That entire story in 4 songs.  How do your singles compare to a project like this?

The EP’s gonna tell the story over six songs, but yeah, same difference. It’s very different from making the singles. The process of recording the singles very much extends out of my own neurotic practices; I have a lot of anxiety about capturing ‘definitive’ versions of things, because ideas are always evolving and one day’s performance always is or should be so different from the next. So when do you call something complete? The singles have been a Ghost Pal-waged battle against these notions of completion, simply because we crank ‘em out so quickly with practically no looking back or second guessing. It’s always an exercise in immediacy and a lot of the time the Ghost Pal guys leave the sessions kinda wigged out and frustrated because the parts get knocked out so quickly. It always turns out great, and I like the sort of jumpy creativity that is inspired by a process like that, but working on the EP is a totally different process. Deciding we were going to string the songs together in this story kind of took away all my concerns about how to represent the songs, because it became more about how best to represent the story, definitive versions of songs be damned. And as a result we’re doing it much differently; for one thing, all the tunes on the EP are built on live tracks that feature the whole band, rather than built layer by layer from acoustic instruments like the singles have generally been. For another thing, we’re going to spend months literally slaving over this thing until it’s perfect.

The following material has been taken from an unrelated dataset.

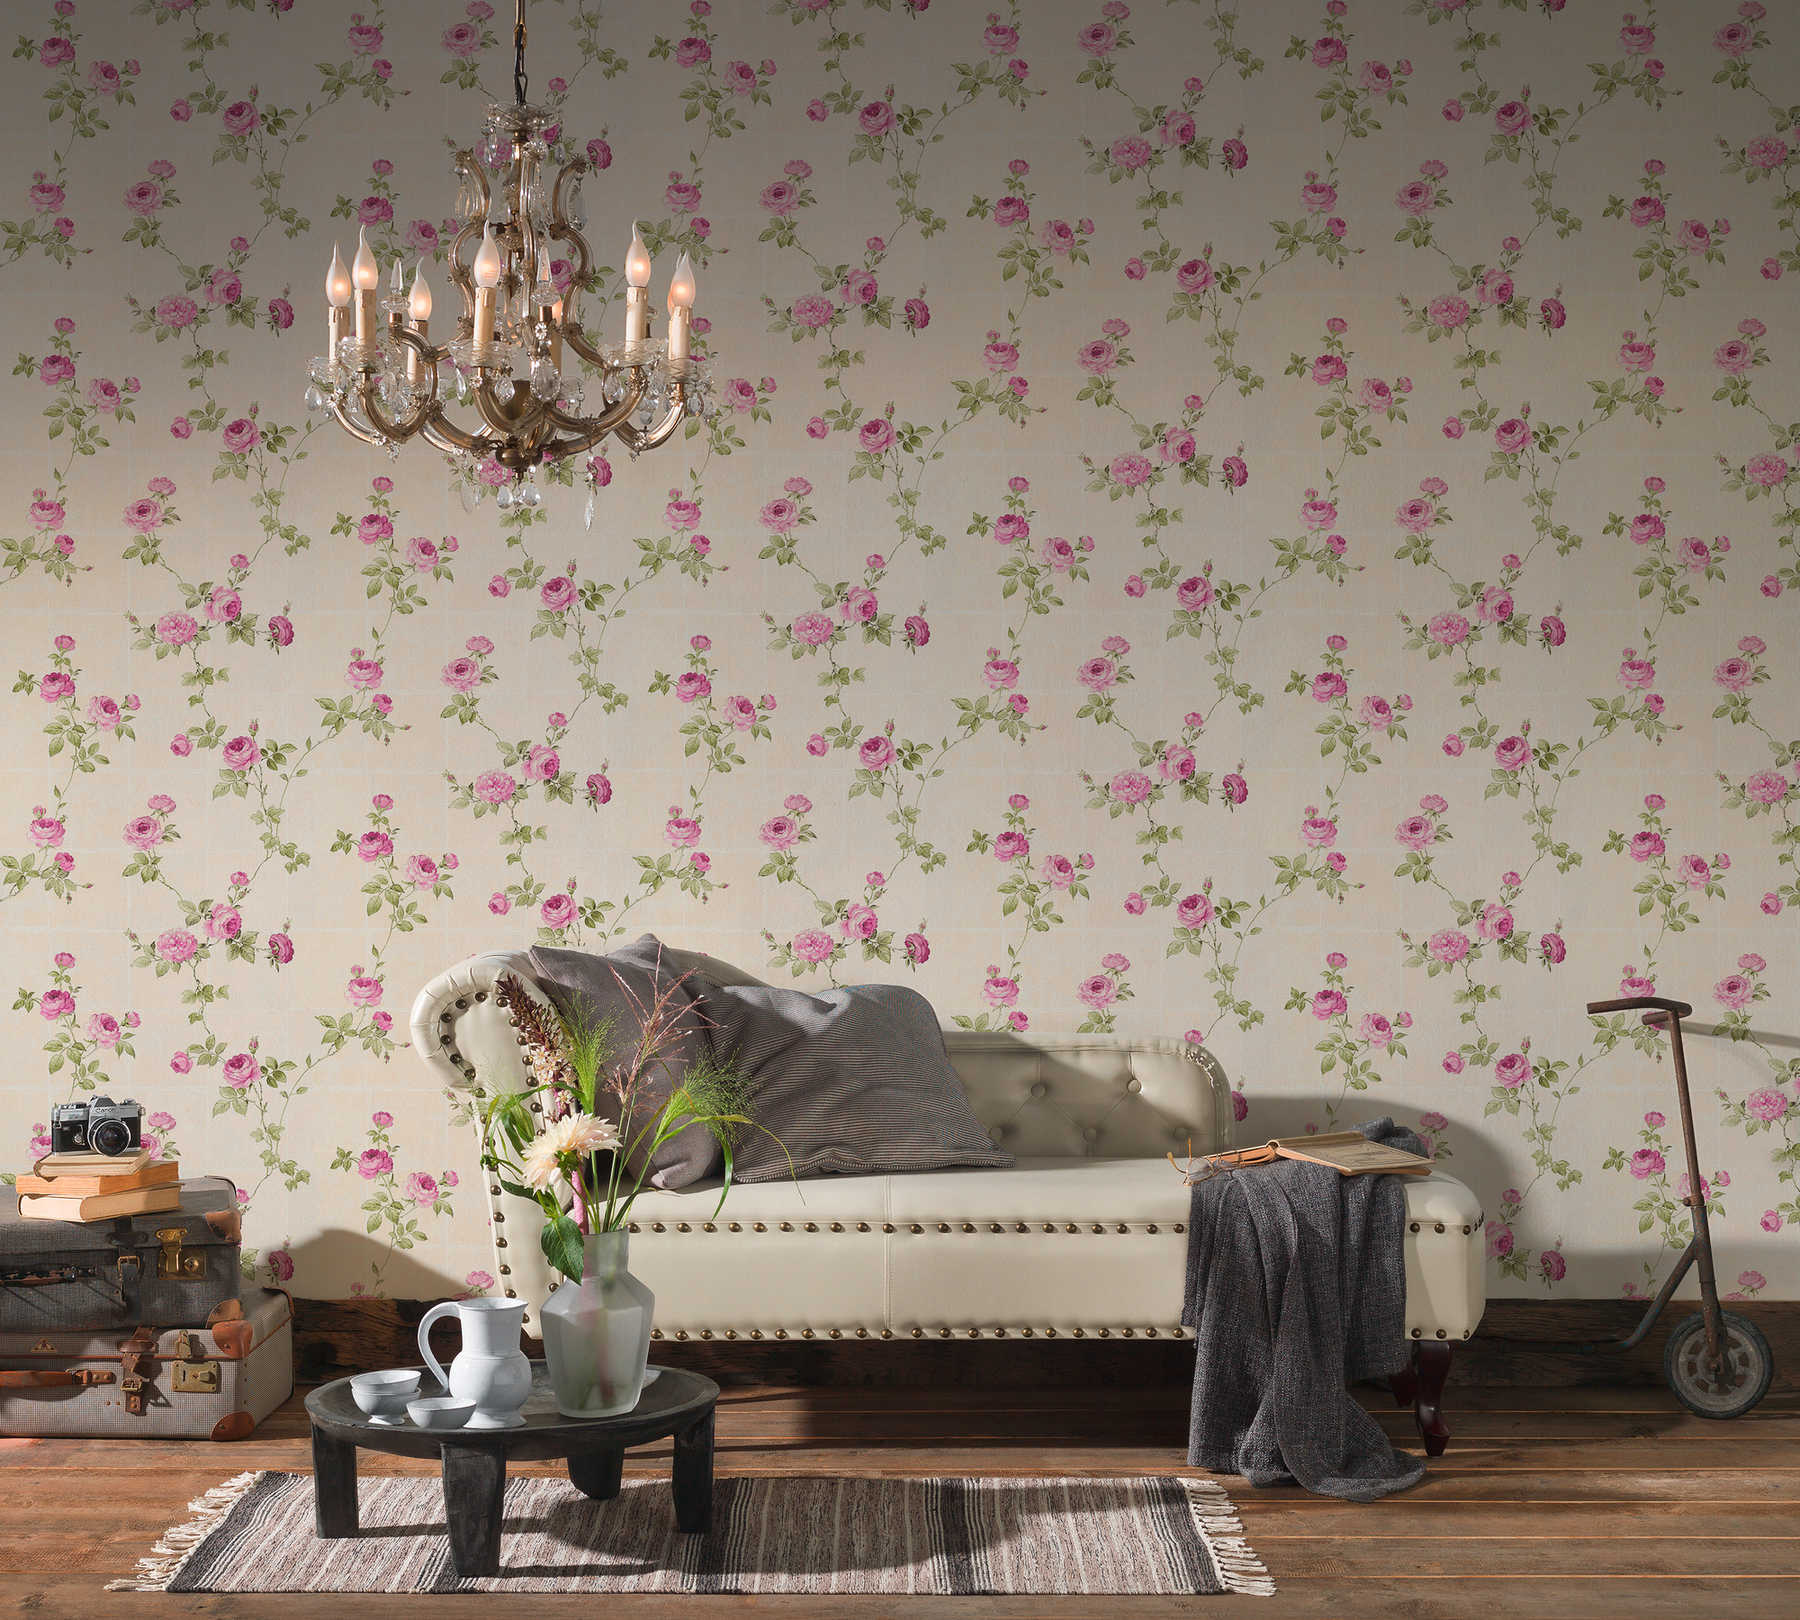             Tile look wallpaper with rose vines - beige, green, pink

It’s a little weird to not be getting a new Ghost Pal single every month.  What kind of sound can we expect from the EP?

We’re gonna get back on our grind with the singles very soon, the recent flood and theft we experienced kinda caused us to take a little step back and use this period of time to meditate on our craft and presentation and on what we want to do. We also have been working like motherfuckers on our live show. We have a few singles gestating at the moment, including a very psychedelic drone-spiritual cover of Michael Jackson’s “Don’t Stop ’til You Get Enough” which is gonna feature a lot of vocals from our drummer Carson. I miss the singles too, but we’ll be resuming soon. The EP sound is going to be very different though, very full, with a live energy that we haven’t had on anything yet but also with a precision and care for detail that we also have never evinced before. Ultra-rhythmic, very psychedelic, but danceable also in a way that we’ve never been. Better than ever, honestly.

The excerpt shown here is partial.